The couple first bonded over whiskey, but they flirted over fashion — specifically a pair of Burberry boots Bosworth was wearing on the Monterey County, California, set of Big Sur. “He looks at me, and he’s like, ‘Oh those are cool boots… Who makes them?’” she recalls. Bosworth cringed at the prospect of label-dropping with the “well-respected, critically acclaimed” director. At times, she has worried that her interest in clothes somehow made her less of an artist. “For a while, in my late twenties, I felt apologetic… like, ‘Can I be an actress and be serious about it and also love fashion?’” she says. Stereotypes about the industry didn’t help, even though she didn’t identify with them. “I’ve never associated with [its] snobbiness or ‘You can’t sit with us’ energy. I don’t believe in that. It’s not like I sit there and I judge it, I just don’t want to participate, you know?”
Polish later revealed that Bosworth’s interest in clothes was a draw for him. “I love that you know fashion and you love fashion,” Bosworth remembers her future husband saying. “‘You’ve gotta own that. Don’t apologize for that.’”
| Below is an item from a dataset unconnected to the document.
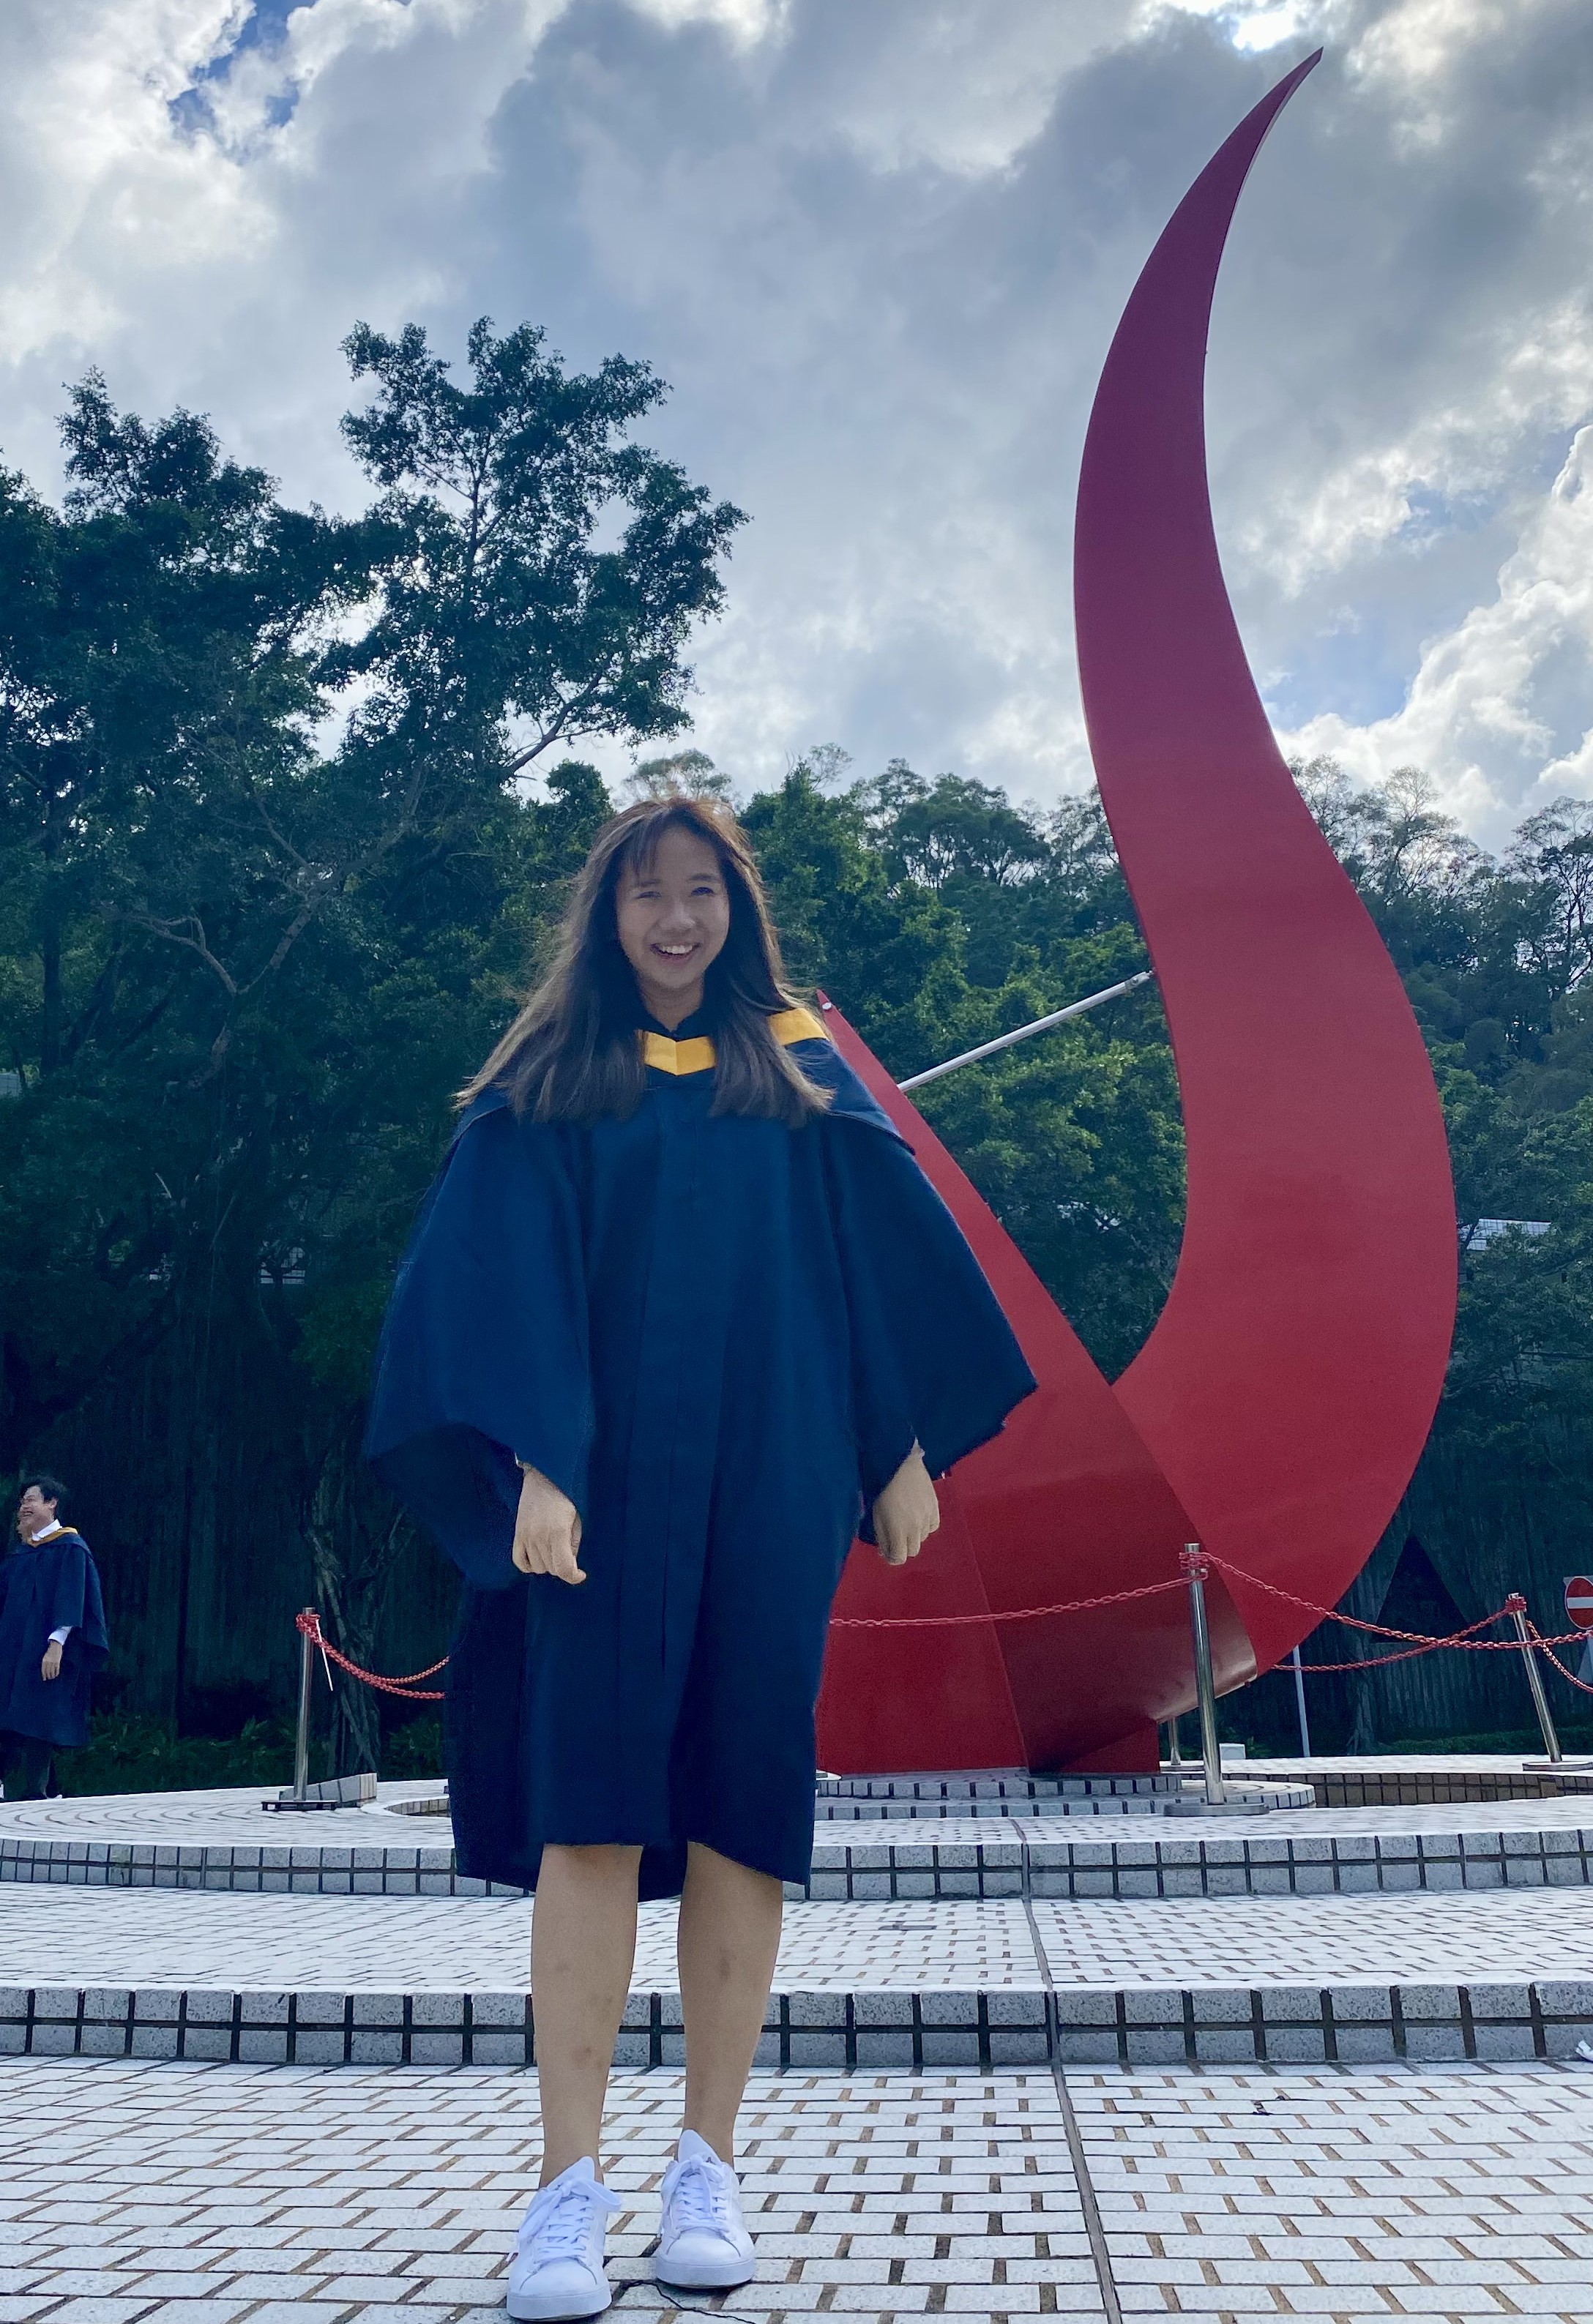 2022 Civil Engineering major, Janice graduated with fully seven job offers.

When Bosworth started out in the ‘90s, “It would be weird to say that you had a stylist. It wasn’t what it is today. And I also was… 16? And lived in a small town [outside] Boston,” she says. Now that it would be decidedly not weird, “I like doing it myself because it’s really about my relationships with designers.”
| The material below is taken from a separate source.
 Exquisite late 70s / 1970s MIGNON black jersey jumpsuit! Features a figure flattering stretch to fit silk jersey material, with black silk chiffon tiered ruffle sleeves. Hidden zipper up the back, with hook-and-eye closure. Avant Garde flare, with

Those relationships have led to some of her most iconic looks, including the ethereal Oscar de la Renta gown and veil that the house’s lead designers, Laura Kim and Fernando Garcia, created for Bosworth for the 2018 Met Gala’s “Heavenly Bodies” theme. She recalls “a moment where we were not sure if we were going to commit to the veil or not, and ultimately we just had a gut instinct to go for it. It turned out to be one of my favorite aspects of the look.”
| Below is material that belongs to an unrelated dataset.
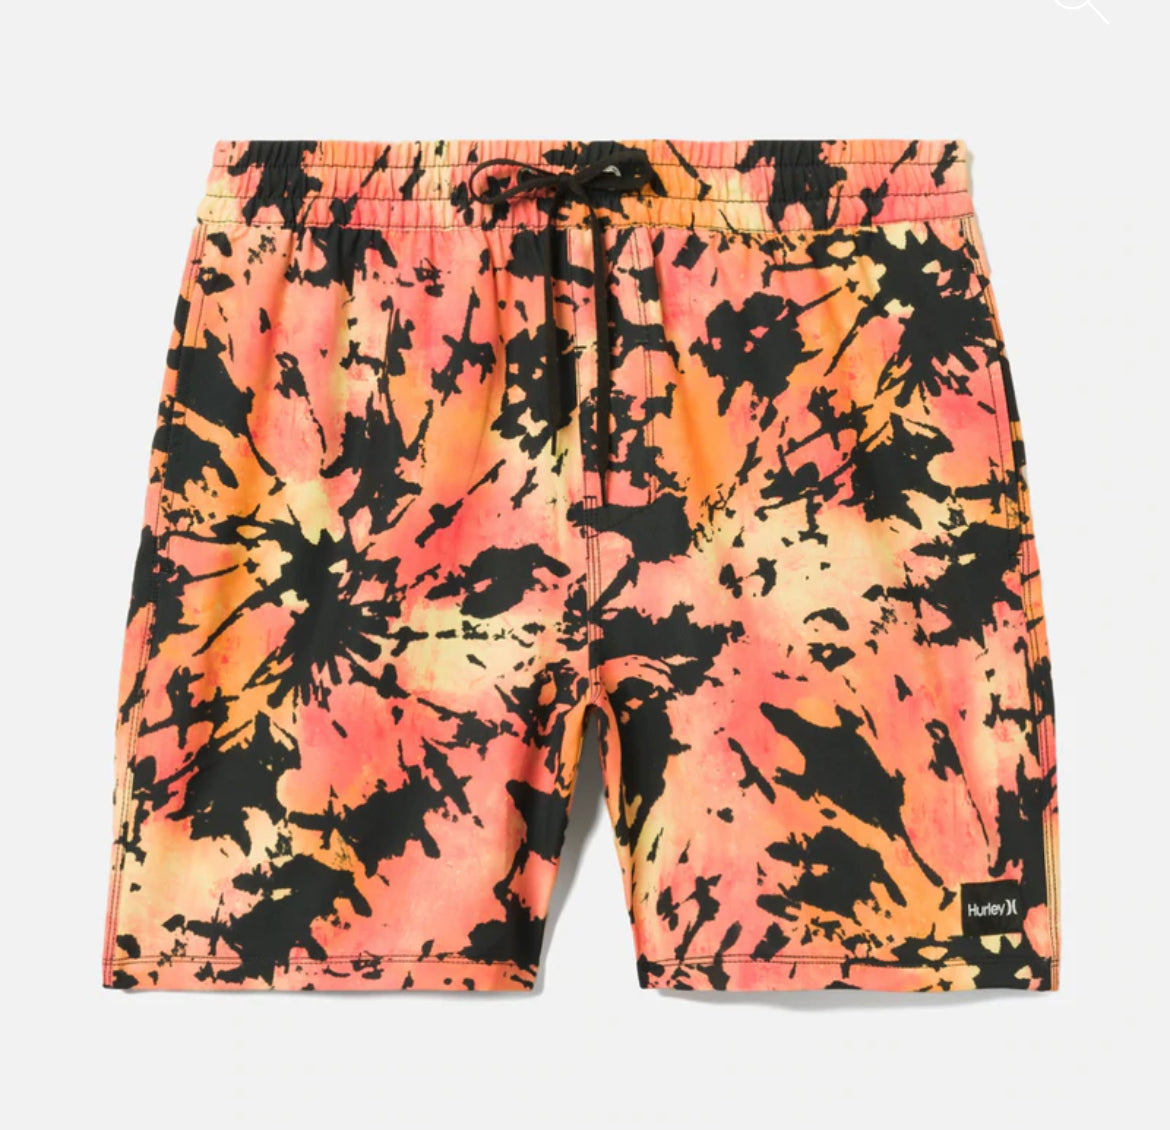 CANNONBALL VOLLEY BOARDSHORTS 17"- Ember

Jack McCollough and Lazaro Hernandez of Proenza Schouler, who have known Bosworth since the early days of their design house, describe Bosworth as “a natural”: “Kate’s the real deal. We are cool sending her things [because] we know that she will take our work and twist it into her own vibe and make it look effortless and utterly cool.” Bosworth’s ongoing decision to manage her own look makes sense to them. “If you have a natural gift for it, why hire a stylist?”
Bosworth now has the authority to fully apply her creative gift in her film work. Last year, through Make Pictures, the production company she owns with Polish, Bosworth remotely produced and fully financed Nona, a staggering look at human trafficking, while Polish shot in San Pedro Sula, Honduras, the so-called murder capital of the world. Up next for the duo is Tate, which Polish says he has been shooting “under the radar… because we just didn’t want all of the attention while, you know, Mr. Tarantino’s thing was going on.” He and Bosworth are co-producing with Sharon’s sister Debra Tate, who initially raised concerns about her sister’s depiction in Once Upon a Time in Hollywood (before later coming around).
“[Sharon Tate] is still a footnote,” Bosworth says, mentioned only in the context of the crime committed against her. “That doesn’t define the woman she is, and in fact, in many ways, that’s a horrifically offensive thing.”
By contrast, Bosworth insists that Tate “doesn’t even touch her death in any way. The killers are not mentioned. It only focuses on celebrating who she is.” (Put another way, Polish says his wife is striving to “take the megaphone from the maniac.”)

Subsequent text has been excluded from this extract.